- _Exercise brief_: Set down the first line below and each line after it, ending with the one that holds "Купить портативная колонка". Pictures do not belong in the copy.

- _Given information_:
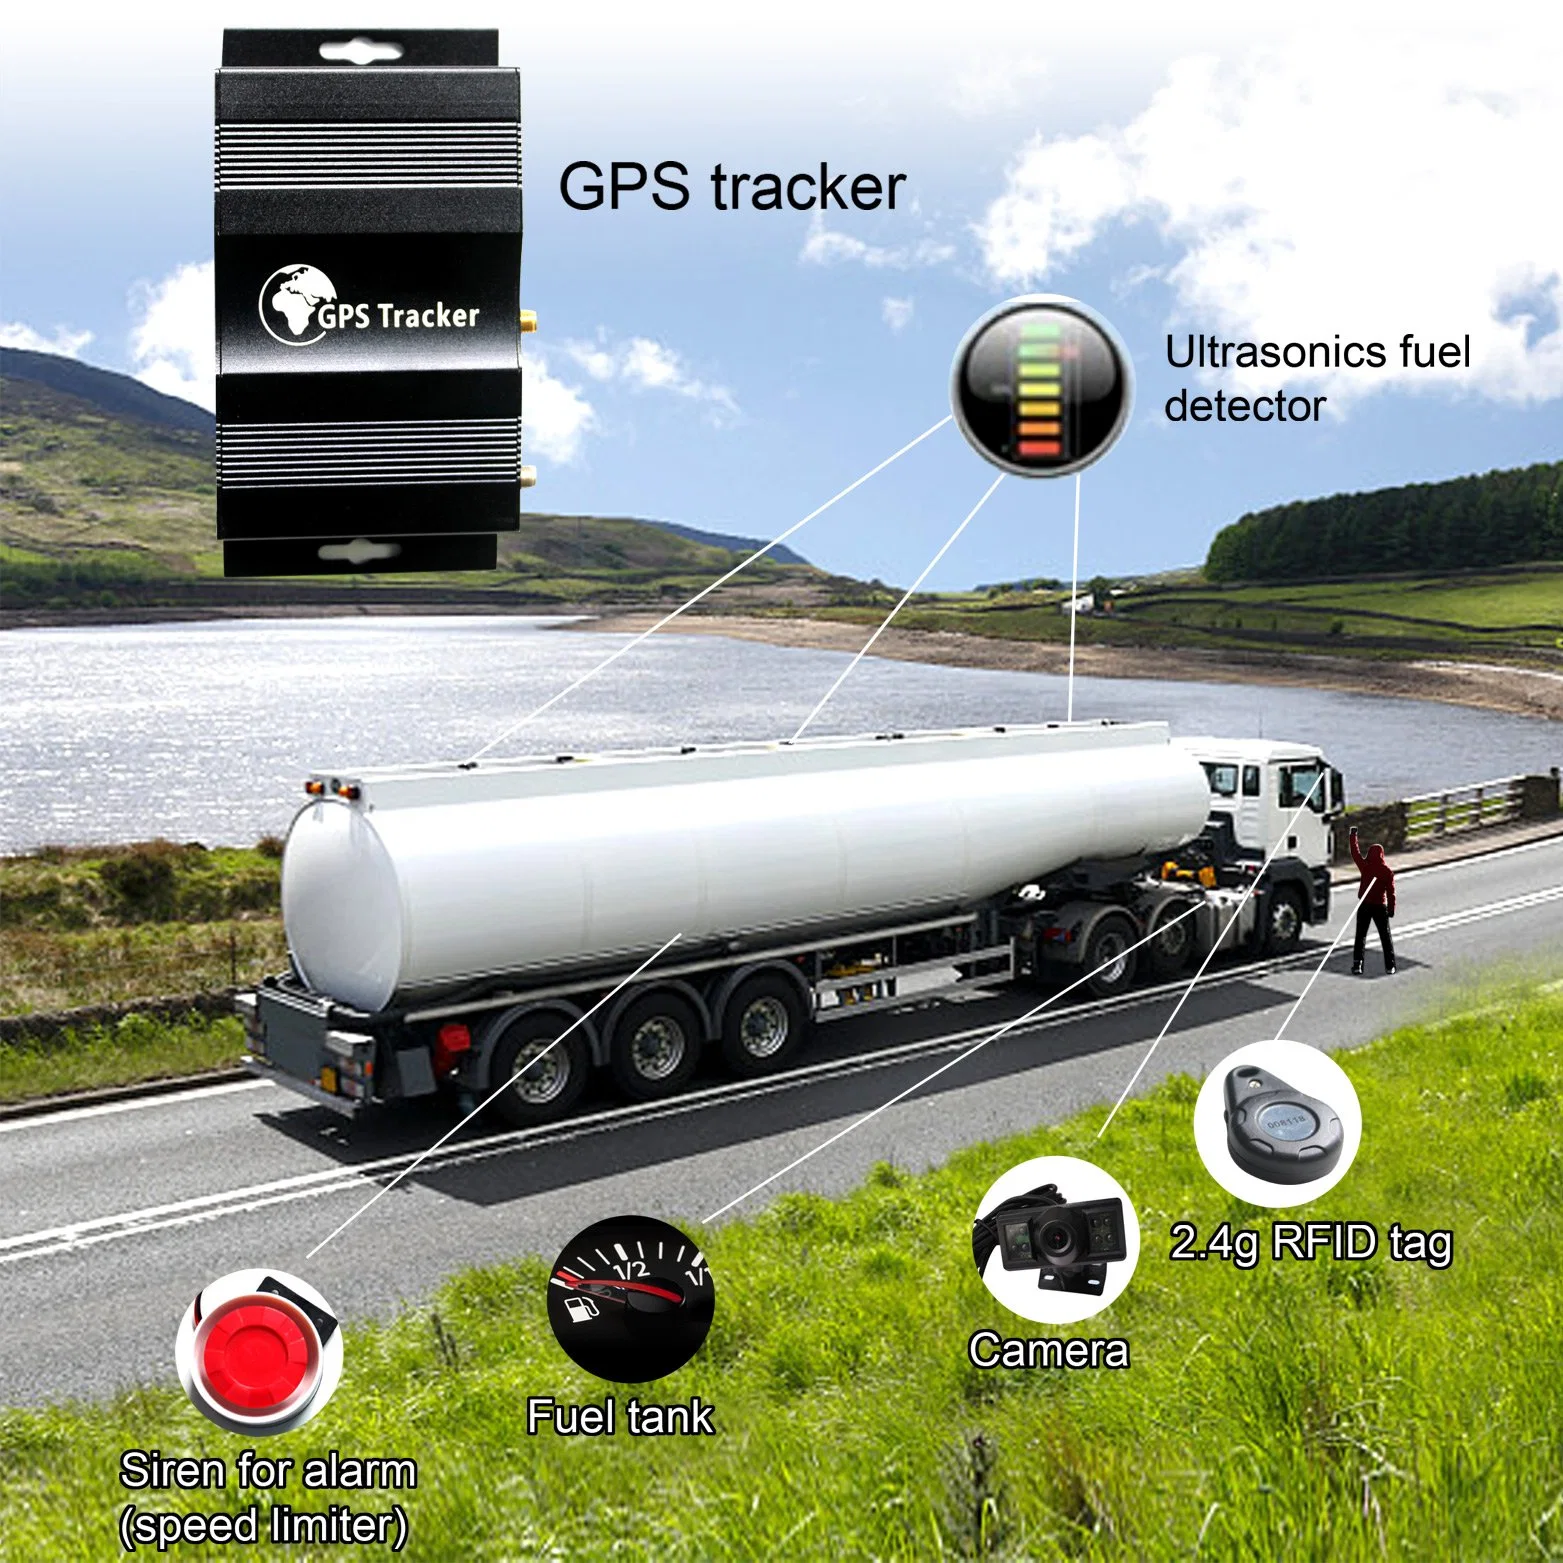 Sistema de alarme para automóvel com GPS Tracker RFID com câmara, combustível/sensor. Sensor para frota de veículos (TK510-TN)
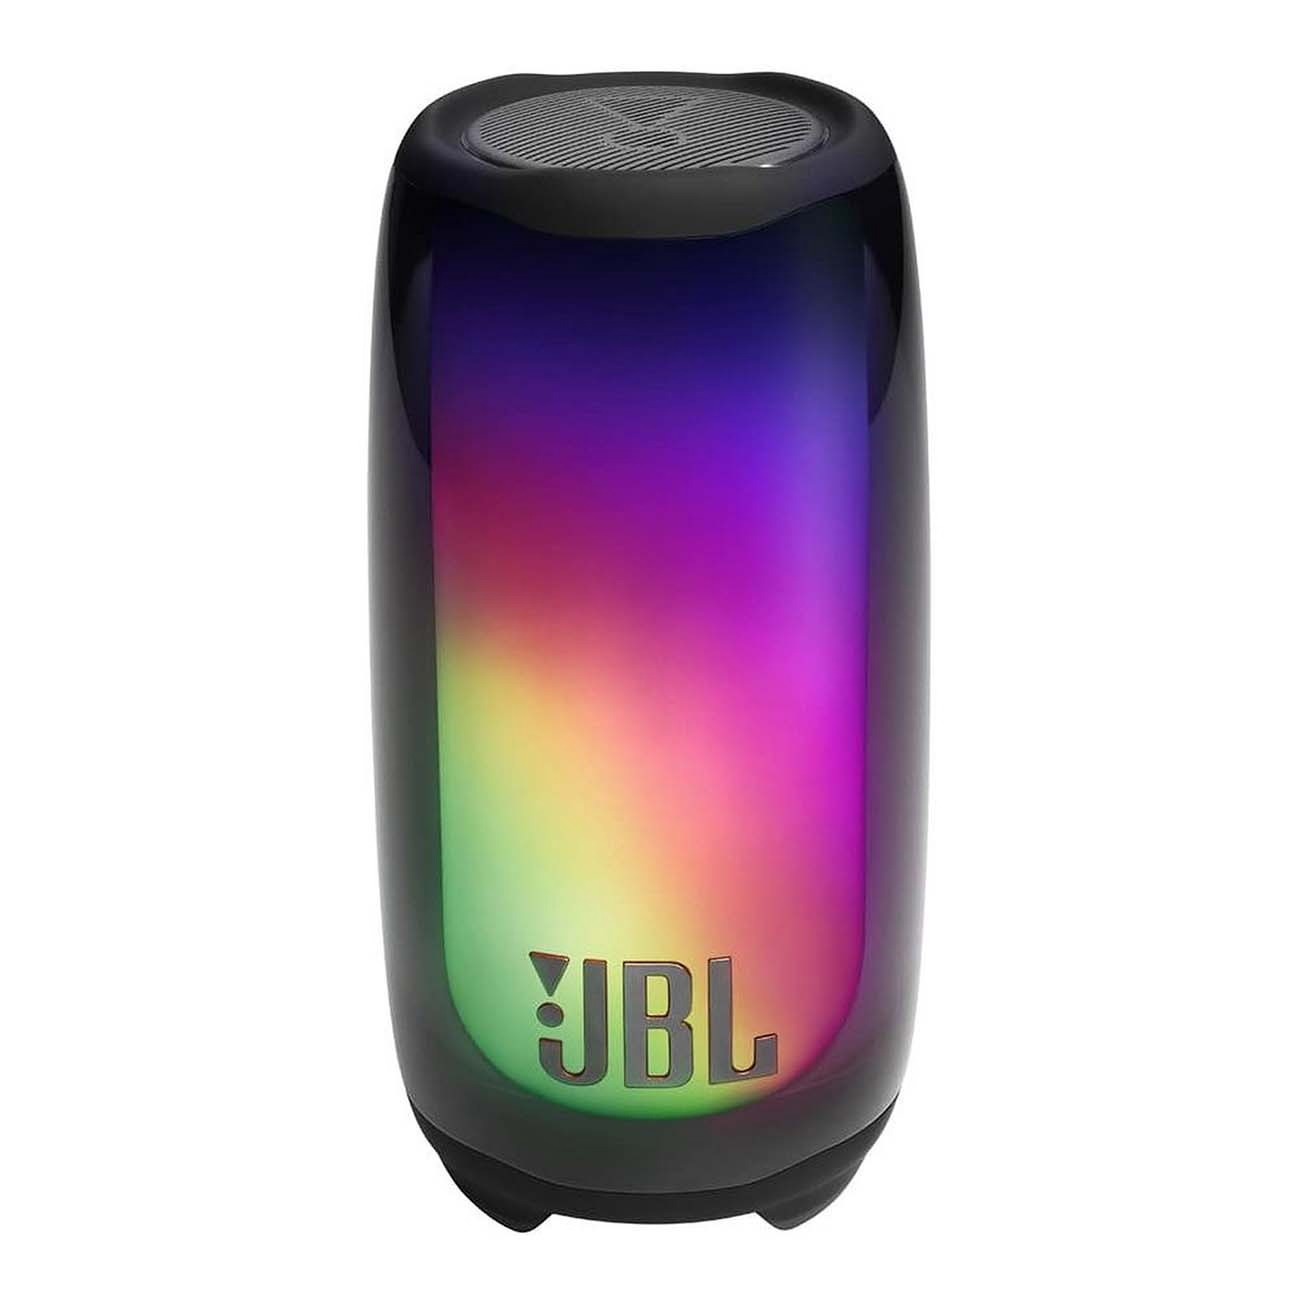 Купить портативная колонка jbl pulse 5 black JBL в официальном магазине Apple, Samsung, Xiaomi. iPixel.ru Купить, заказ, кредит, рассрочка, отзывы,  характеристики, цена,  фотографии, в подарок.
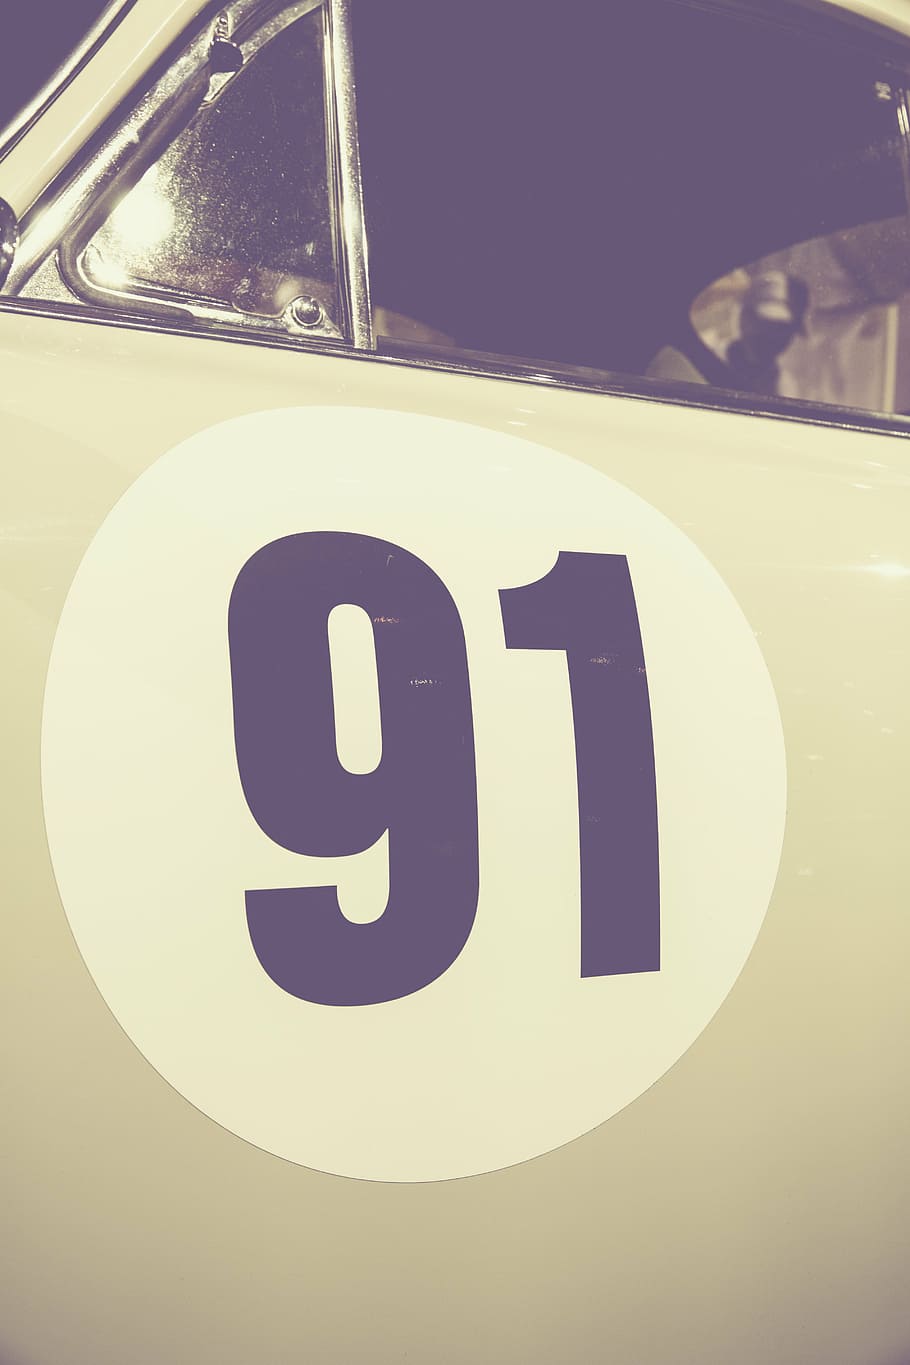 number, characters, auto, pkw, classic, oldtimer, porsche, 356, 91, door

- _Response_:
 Sistema de alarme para automóvel com GPS Tracker RFID com câmara, combustível/sensor. Sensor para frota de veículos (TK510-TN)
 Купить портативная колонка jbl pulse 5 black JBL в официальном магазине Apple, Samsung, Xiaomi. iPixel.ru Купить, заказ, кредит, рассрочка, отзывы,  характеристики, цена,  фотографии, в подарок.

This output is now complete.